上述したように呆気にとられるような基準から飲食物の基準、放射性物質の基準、大気汚染(PM2.5)や交通安全、生態系の保全etc..と様々な基準値の成り立ちや、その背景にある考え方を「3人寄れば文殊の知恵」ならぬ、工学者2名、理学者1名、経済学者1名の計4名が紹介していきます。また、本書のサブタイトルにもあるように本書は、ボク達の日常生活の安全にフォーカスされています。よく議論の的になりますが、「安心」=「安全」ではなく、「安全」とは「受け入れられないリスクのないこと」と著者らは定義しています。すなわち、安全とは「リスクゼロ」ではないということになります。

米国の疫学者であり衛生工学者のウィリアム・セジウィック氏は「基準というものは、考える行為を遠ざけてしまう格好のツール」だと述べています。よって少なからずボク達の日々の生活のなかで、思考停止に陥っているケースがあるはずです。例えば、「もういくつ寝るとお正月・・」お餅は、日本の食文化と根づいていて、伝統的な正月の食材のひとつですが、実は本書によれば、一億口当たりの窒息事故頻度は、「餅」はあの悪者扱いされ国会でも取り上げられた「こんにゃくゼリー」の43~23倍であり 、リスク受容レベルが高いにも関わらず、生産制限された記憶はボクにはありません。このように科学的根拠に基づいていればいいという単純ではない基準がいかに多いか、とりわけ「食文化」について本書で納得させられます。

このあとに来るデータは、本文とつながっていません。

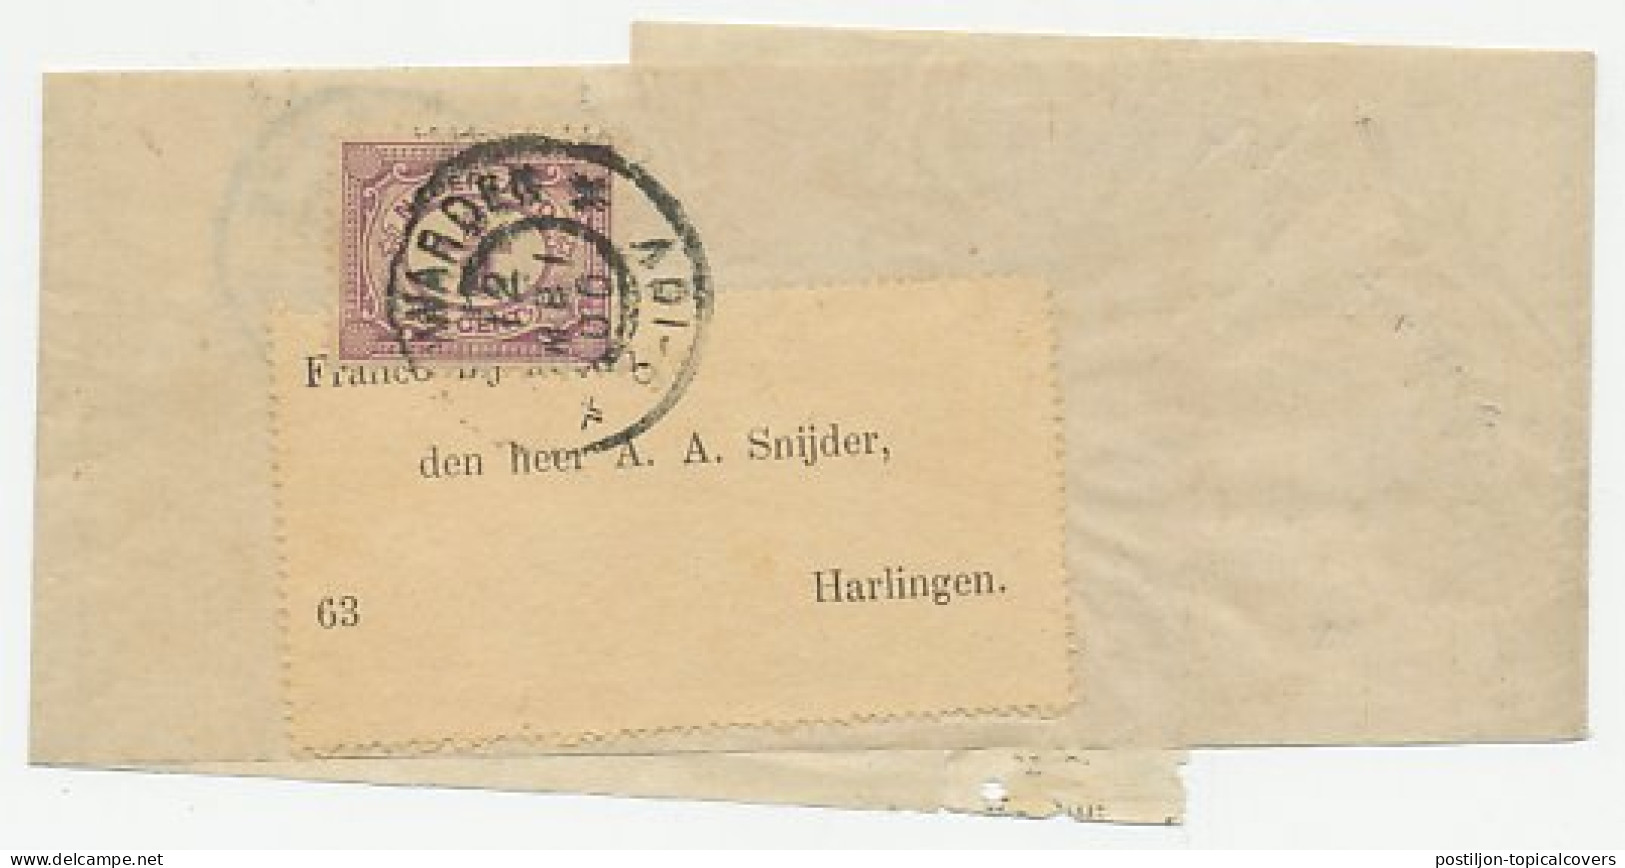 Em. Vurtheim Drukwerk Wikkel Leeuwarden - Harlingen 1900 - Non Classificati

ここで、ボクが「餅」にフォーカスしたのには、2つの理由(わけ)があります。①:まずは、食品を詰まらせての死亡事故は、毎年4000人以上も起こっています。仮に、「私は事故が怖いから運転を控える!」そのような考えの方がいらっしゃれば(決して運転を強制しているわけではありません)、その数値から2013年の交通事故者数とほど同数なので、食品を口にすることができなくなります。そして、もう一点②:「損失余命年数」=亡くなられた方の失われた余命年数をメディアは、よく取り上げますがこの事と先述した「こんにゃくゼリー」と合致します。お亡くなりなりなられた方の多くは、餅も車の運転事故もともに高齢者の方々です。これが小さなお子様だと大きくニュースに取り上げられるわけです。

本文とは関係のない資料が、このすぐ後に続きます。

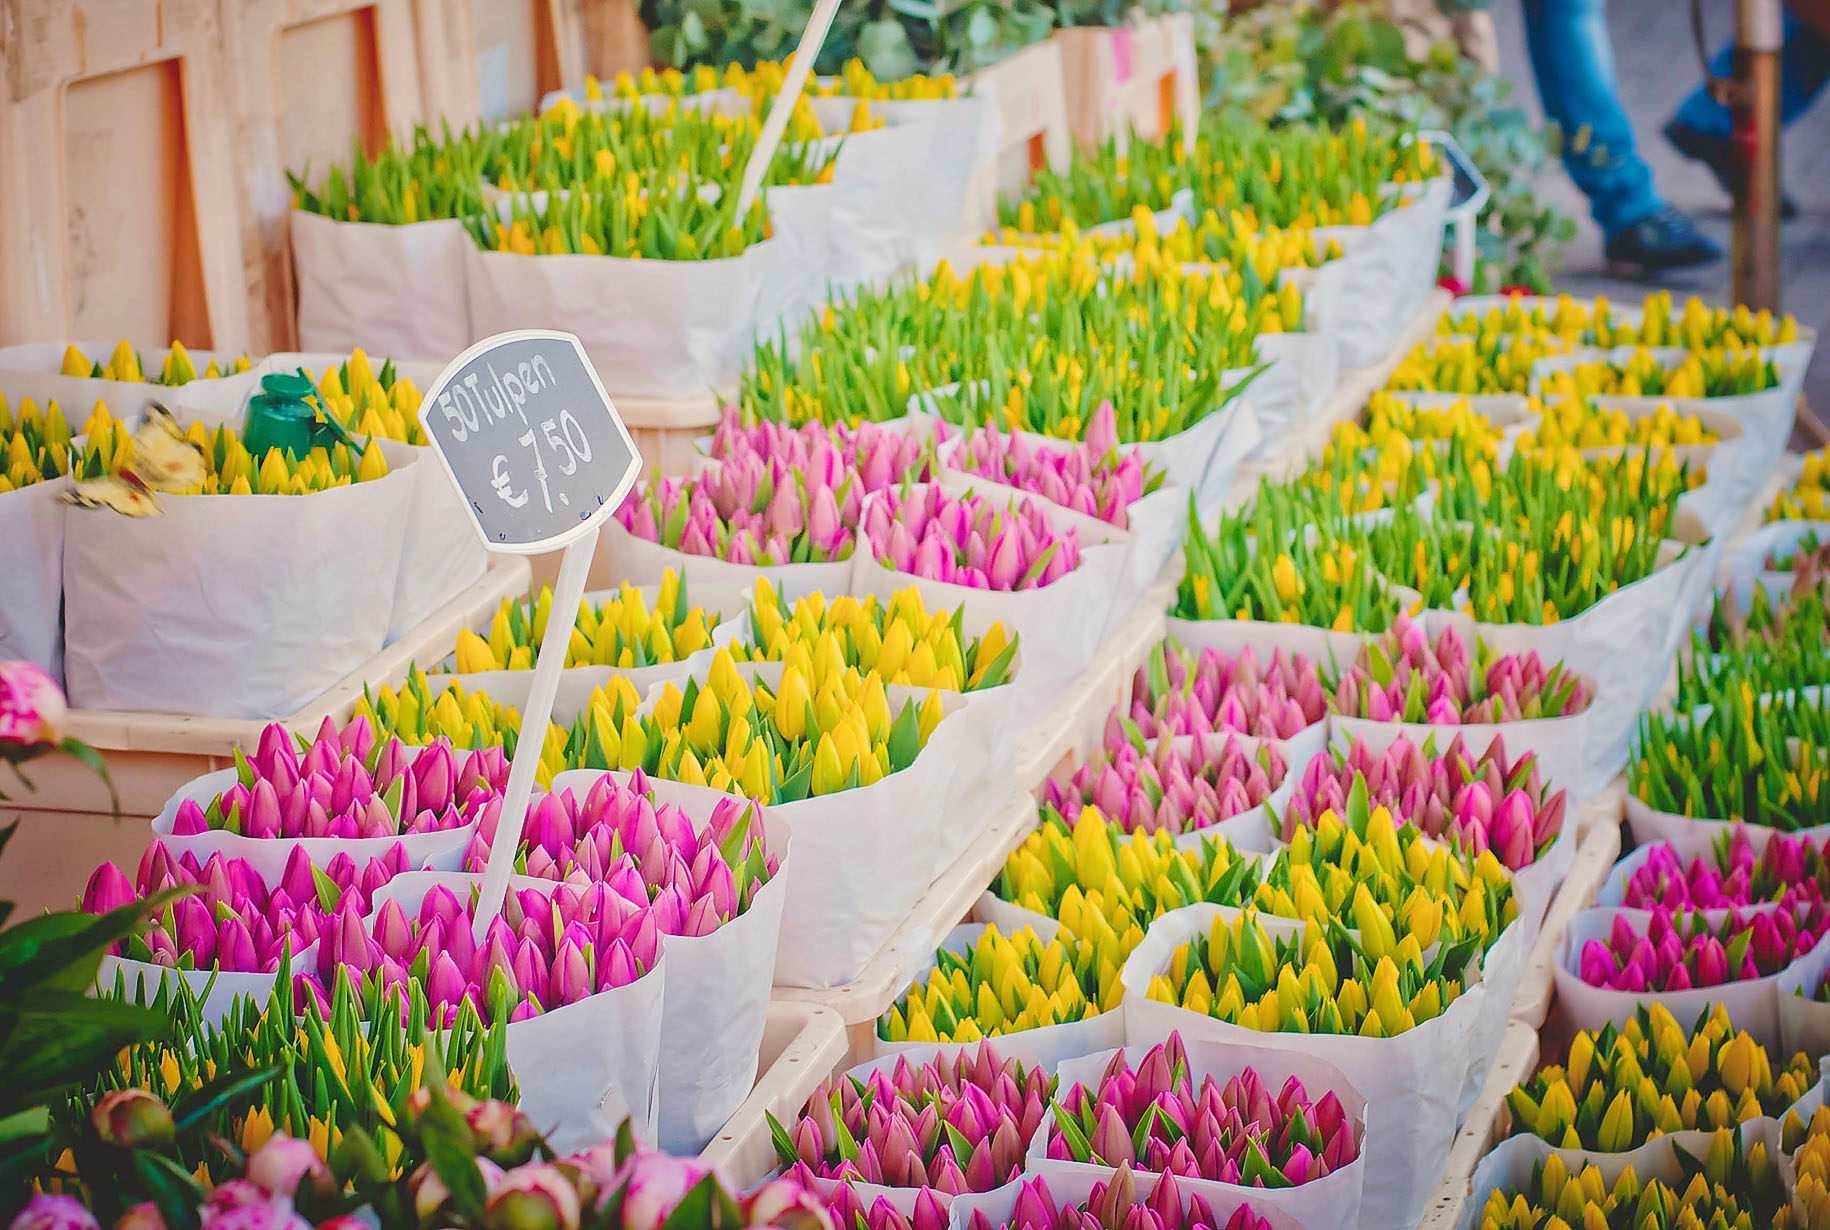 amsterdam flower market tours

上述したことを考慮すると、「基準値を超えた超えない」に一喜一憂することがいかに無意味かが理解できます。

また、本書で首を傾げてしまう箇所は、日本が初めて生涯発がん確率のリスクレベルに基づいた基準値の制定は、1996年の「大気環境基準値」でした。その基準が「水道水質基準」にも使い回されてしまい、いったい何を意味した基準なのかがわからなくなってしまう事例なども記述されています。たまたま、本書を読んでいる途中でタバコを吸う友人に会いました。よく健康診断では、「一日あなたは何本タバコを吸いますか?」という質問がありますが、あれ「タールやニコチンの量は関係ないの??」と私的に疑問を持ちました。実は、かなりあいあまいな基準が、ボク達の私生活に氾濫しているわけです。

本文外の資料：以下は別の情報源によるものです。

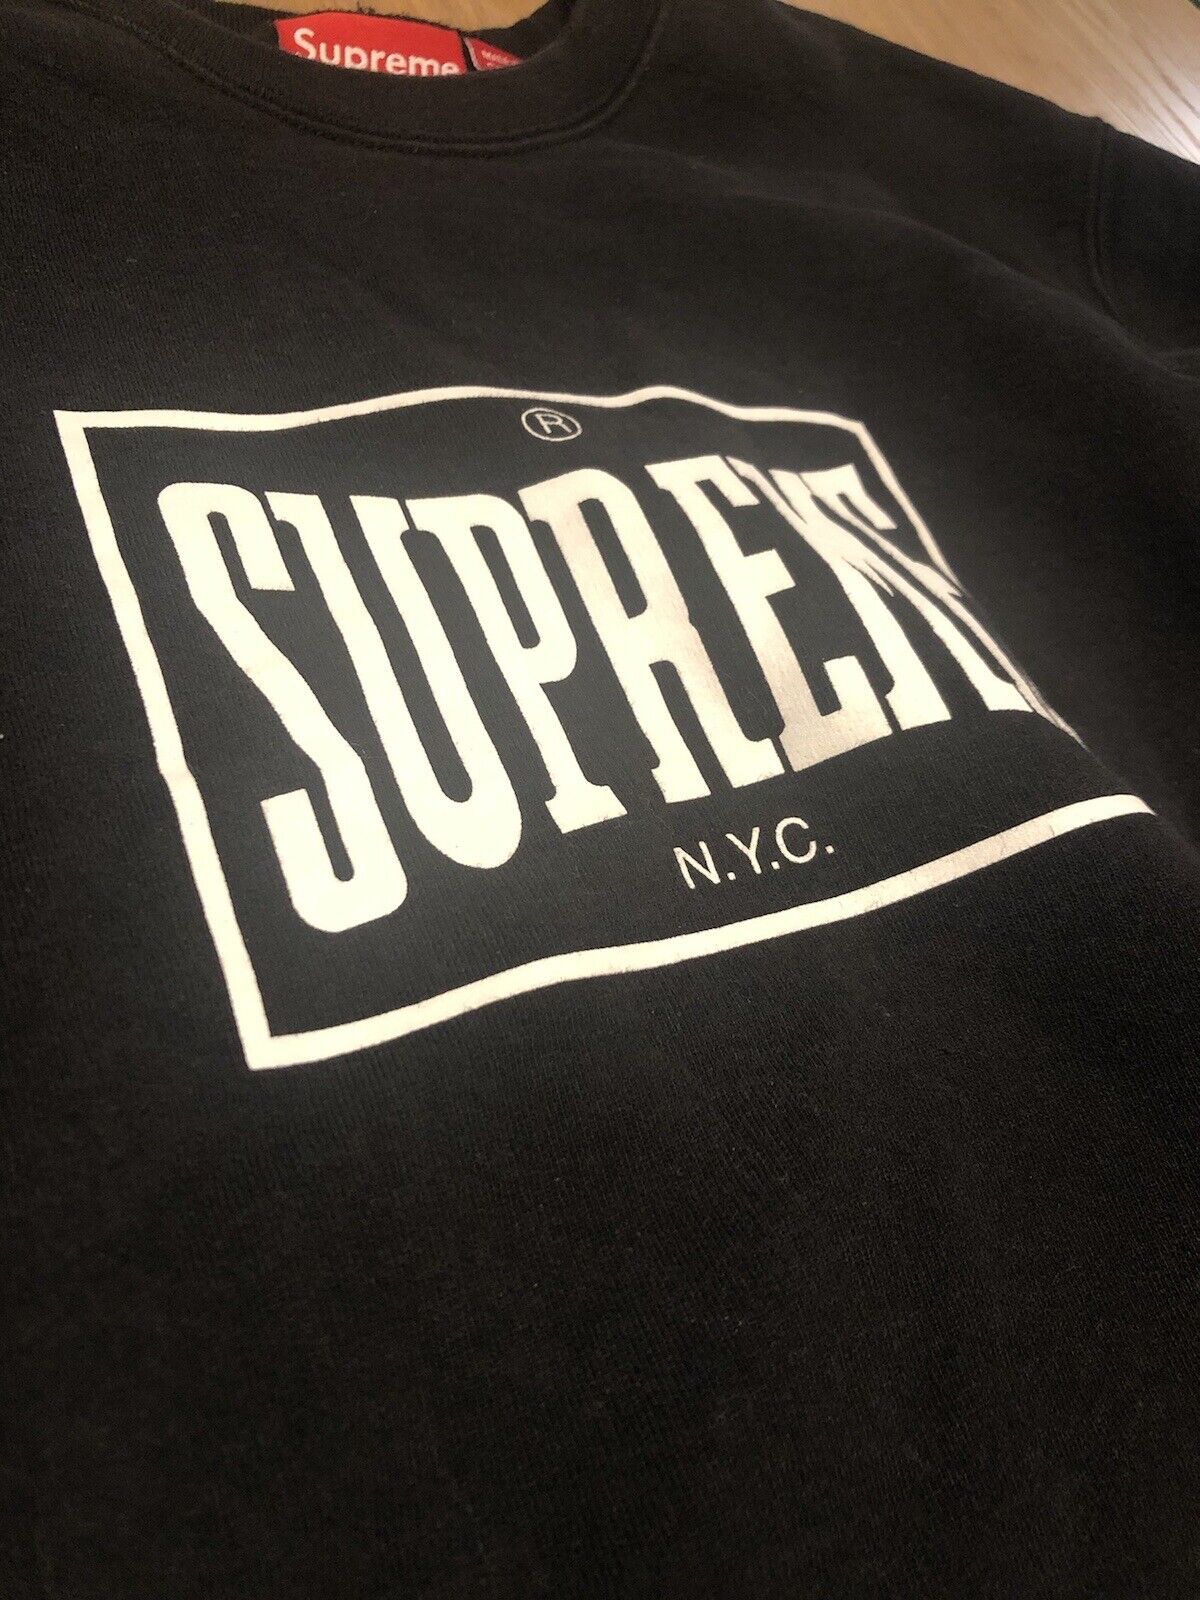 Supreme Everlast Box Logo Crew Neck Sweater size M Bl… - Gem

高速ツアーバス乗務距離の新基準などは、あの2012年4月、関越自動車道で起こった運転手の「居眠り」による国内バス事故としては大惨事後のことであり、基準値の前提条件が変わるのは大抵、大事故・大事件が起こってからだと気付かされます。リスクとベネフィットを天秤にかけ、リスクと上手に付き合うには、その基準となった「根拠」を知る必要性を強く感じさせられました。これが従来とは異なるレギュラトリーサイエンスであり、今そのレギュラトリーサイエンティストが求められていると思います。

多少大げさかもしれませんが、現代人にとって必読の一冊ではないでしょうか。ぜひ、この年末年始にご一読くださいませ。